Pennsylvania Is Becoming More Racially Diverse. And That Could Be A Big Deal For The 2020 Election.
Amilcar Arroyo recalls that when he first came to Hazleton, a small city in southern Luzerne County, in 1989, he was one of just a handful of Spanish-speaking people who lived there.
But things have changed so much since then.
Almost 60% of the people who now live in Hazleton are Latino. In 2002 Arroyo, who is originally from Peru, launched a Spanish-language newsletter to help people find services and community, and it blossomed into a monthly newspaper, El Mensajero International.
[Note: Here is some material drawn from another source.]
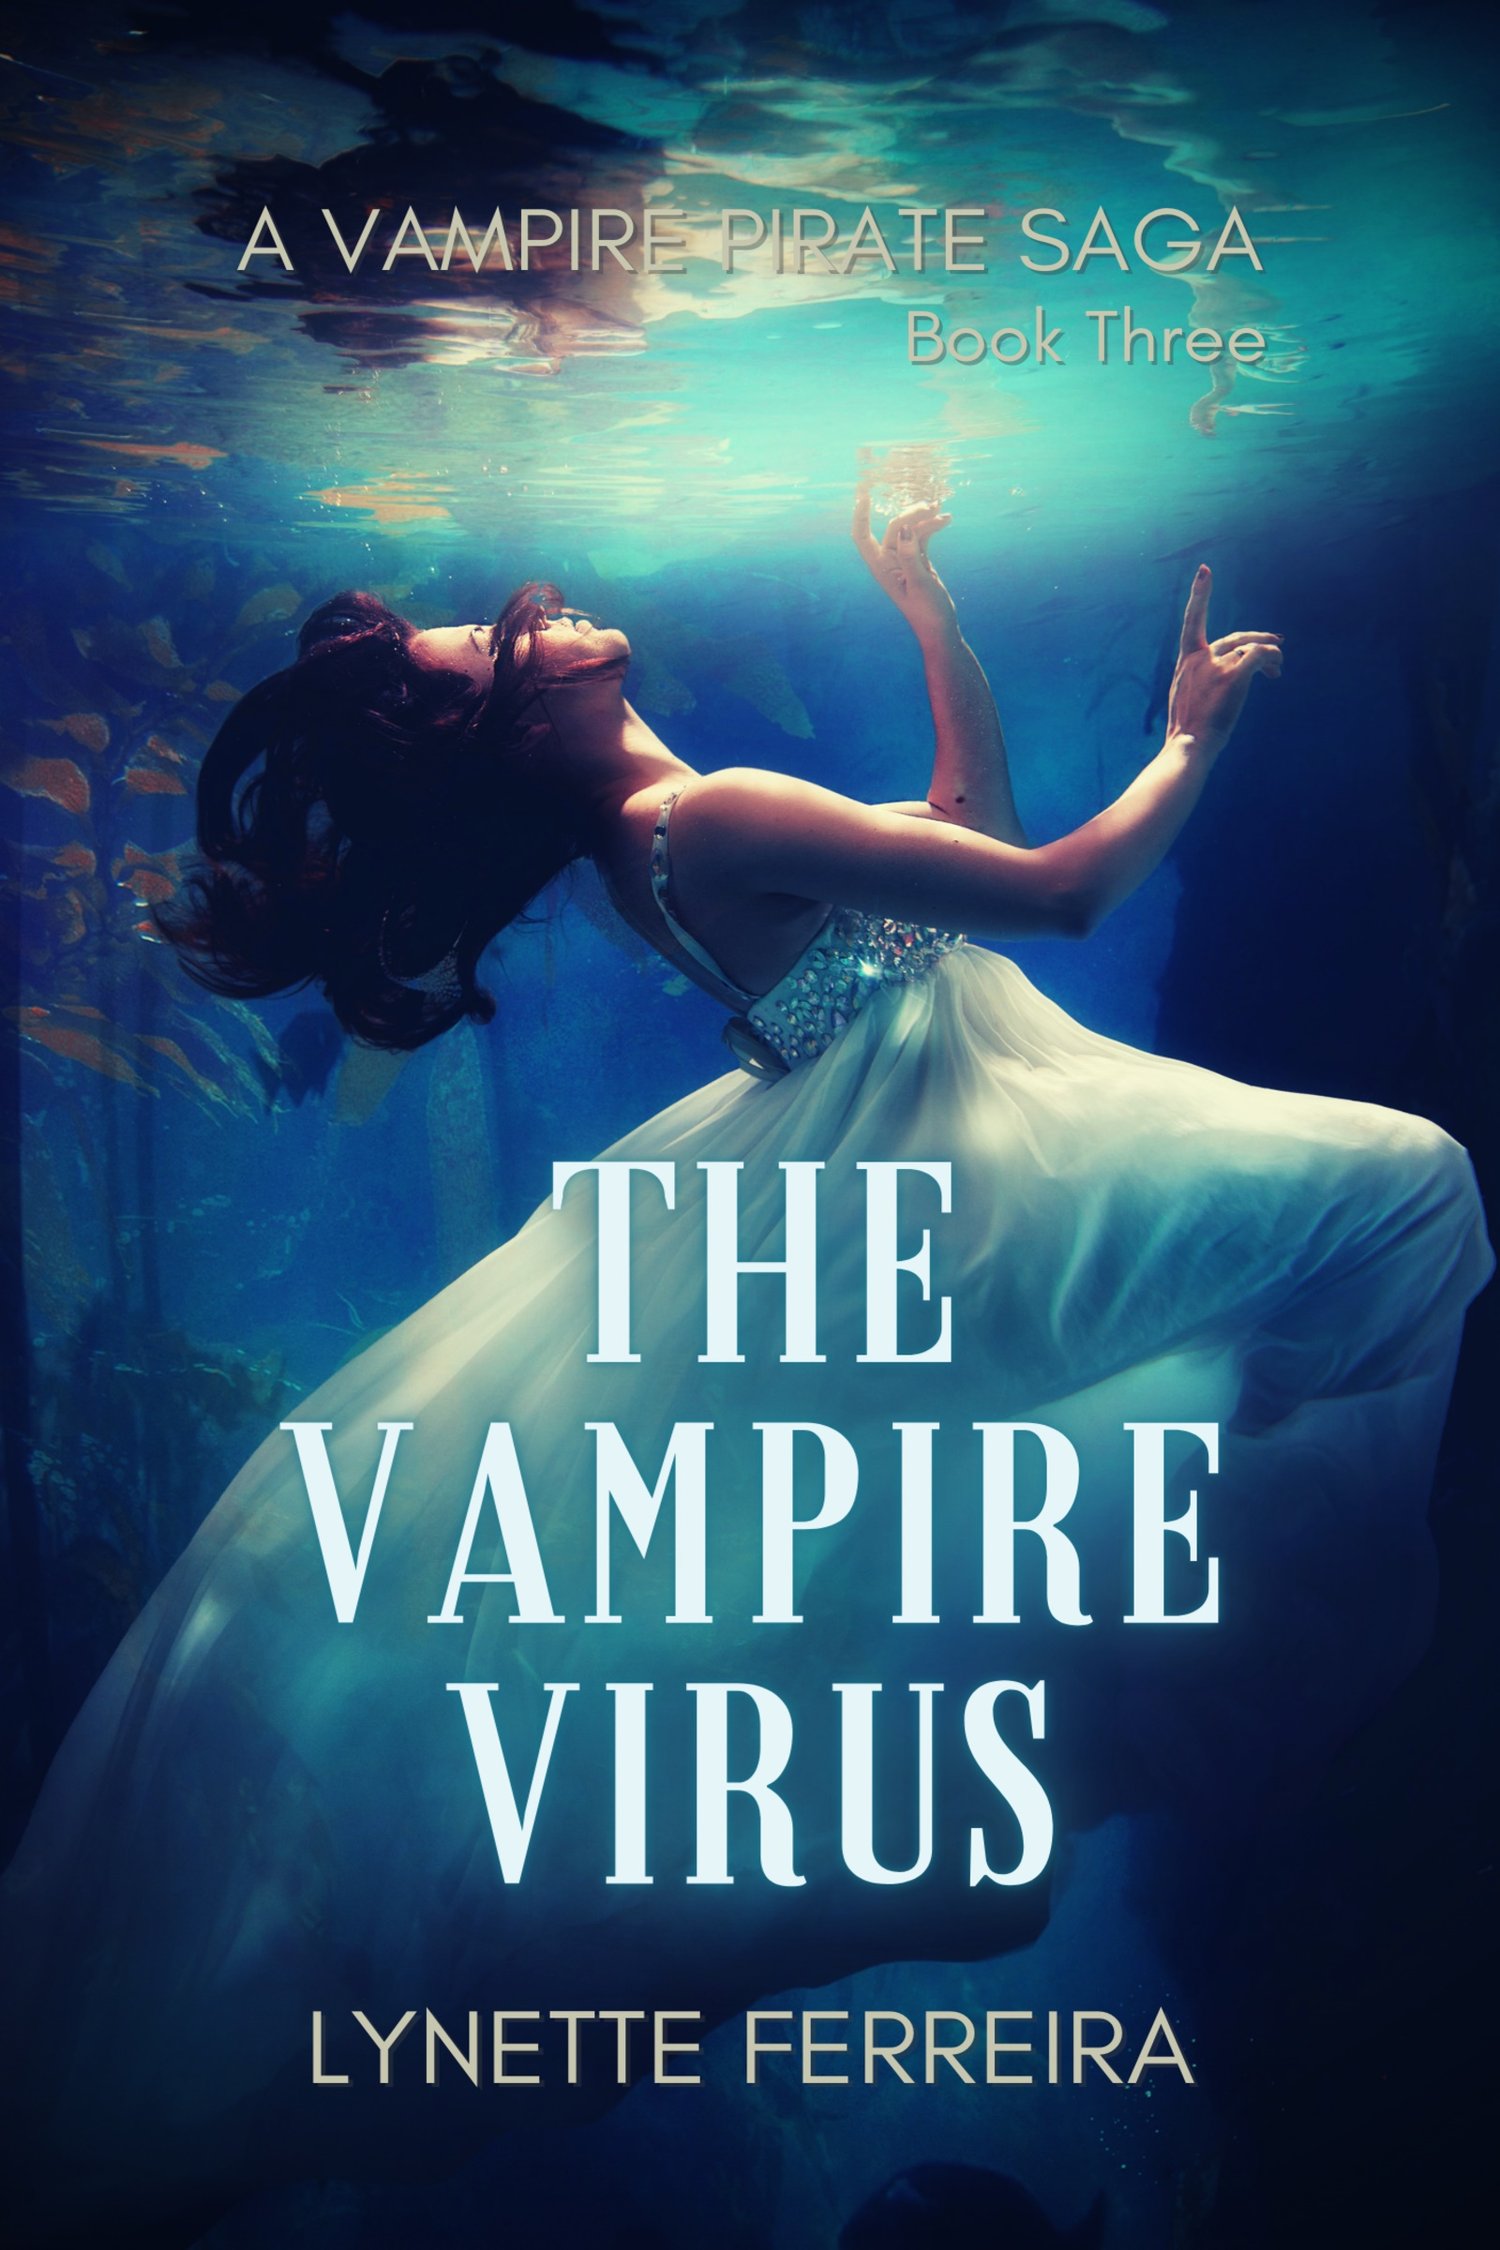 The Vampire Virus by Lynette Ferreira

As its publisher, he takes pride in listing all the businesses — grocery stores, restaurants — owned by immigrants from the Dominican Republic, Mexico and countries in Central and South America that now line the city’s streets.
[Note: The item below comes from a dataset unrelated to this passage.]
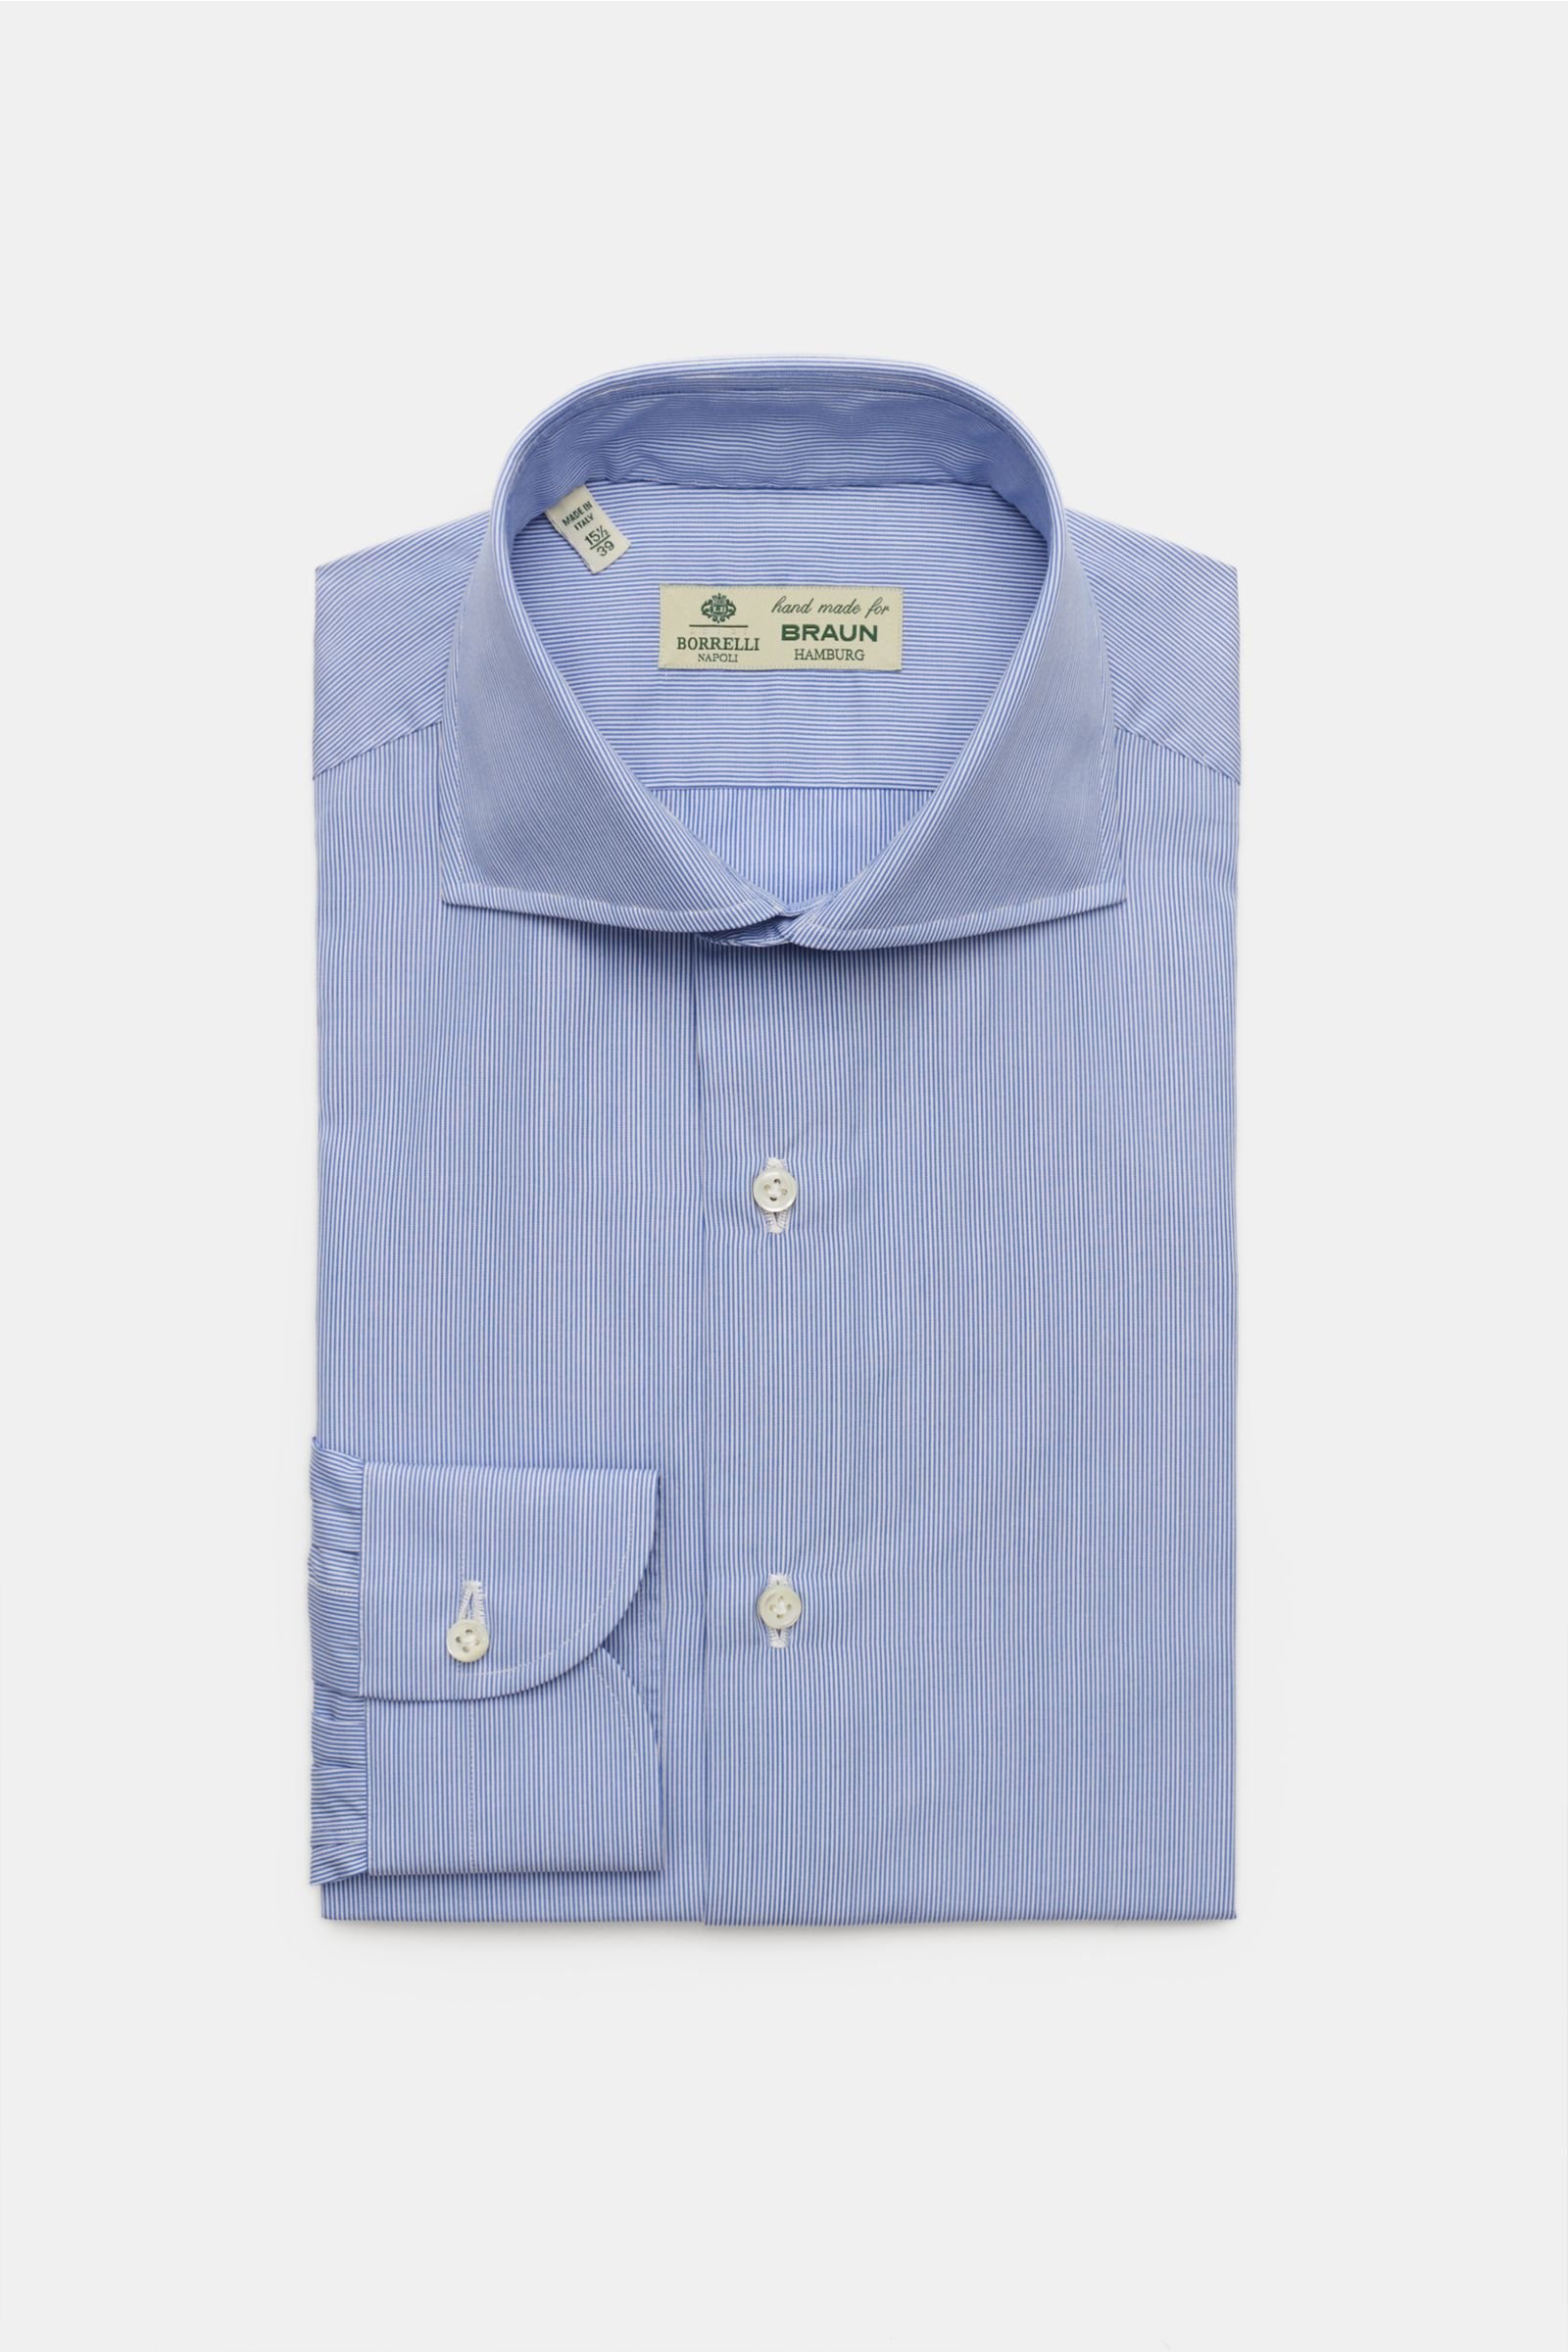 Business shirt 'Nando' shark collar smoky blue/white striped

“Hazleton was a town of elderly people with a very small young population,” Arroyo said of his early days in the city. “If Latino people didn’t come to this area to live in Hazleton, it would be, I don’t want to say a ghost town, but that’s what people say.”
Hazleton’s transition from a mostly white to a mostly Latino city was relatively quick, and has been well-documented and analyzed over the years. But it’s just one high-profile example of a change that’s gradually happening all across Pennsylvania that has big electoral and political implications.
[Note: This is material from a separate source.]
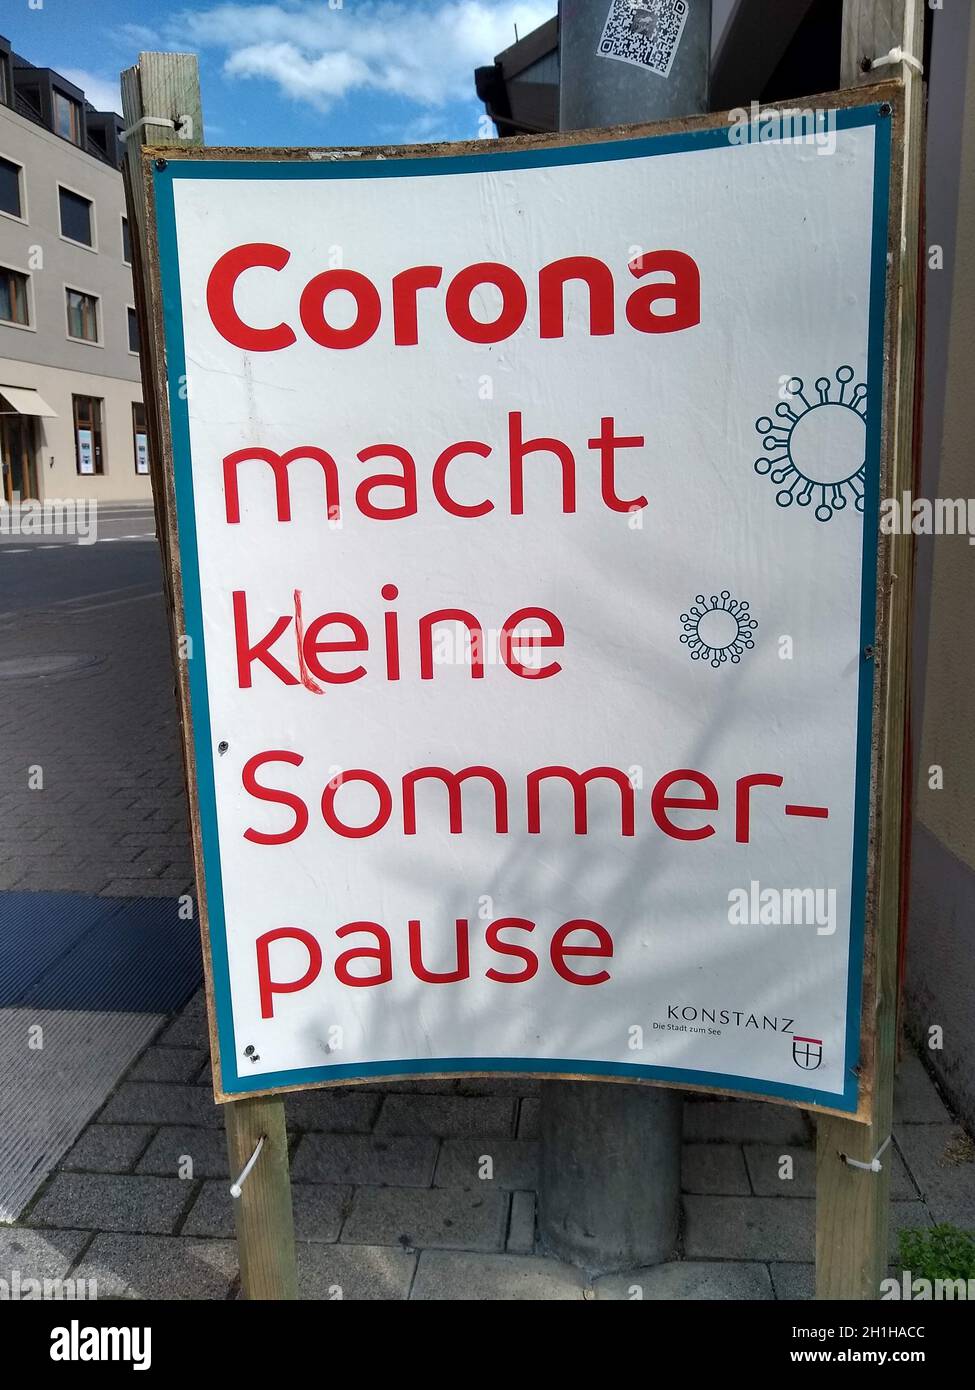 Corona macht keine Sommerpause - Hinweistafel soll Touristen in der Stadt Konstanz zur Achtsamkeit mahnen  Themenbild Reise Coronakrise Stock Photo

Trump won Pennsylvania by a hair’s breadth, thanks largely to a surge in support from white voters — specifically, ones who don’t have a college degree.
It’s a group that has increasingly undergirded the Republican Party’s base for years — but it’s also one that is steadily shrinking in crucial swing states like Pennsylvania.
Demographic data shows that if Trump intends to capture the commonwealth again this year, he can’t rely on the same coalition he relied on four years ago.
“If everything remains the same in 2020 as it was in 2016 — of course it won’t, but in terms of turnout patterns and support levels among these different demographic groups — just that much demographic change … would be enough to tip the election to the Democrats,” said Ruy Teixeira, a fellow at liberal-leaning think tank the Center for American Progress.
Teixeira has tracked demographic changes and their impact on elections over many cycles, and said the changes Pennsylvania sees during every four-year presidential term have lately followed a “basic pattern.”
Numbers of what he calls “white, non-college voters” decline, and Latino, Black and Asian residents make up a growing share of the voter base.
He said in 2016, that meant Trump “would have needed a huge swing in his favor among white, non-college voters, who are still a huge proportion of the Pennsylvania electorate … and by God, that’s exactly what happened.”
That swing was “unusually large,” he noted — Hillary Clinton lost the demographic by about 29 points, while Mitt Romney had carried it by 20 points four years previously.
In 2020, that all-important swing will have to be even larger if the president isn’t able to make inroads with, for instance, white college-educated voters. They make up a significant portion of the Philadelphia suburbs, which Republicans have long considered crucial.
“He has to hold his base, that’s absolutely certain” said Chris Borick, a political science professor who runs the Muhlenberg College Institute of Public Opinion. “But he also has to grow it, so he needs to find areas to do it, including marginal gains in places like Philadelphia and suburban Philadelphia.”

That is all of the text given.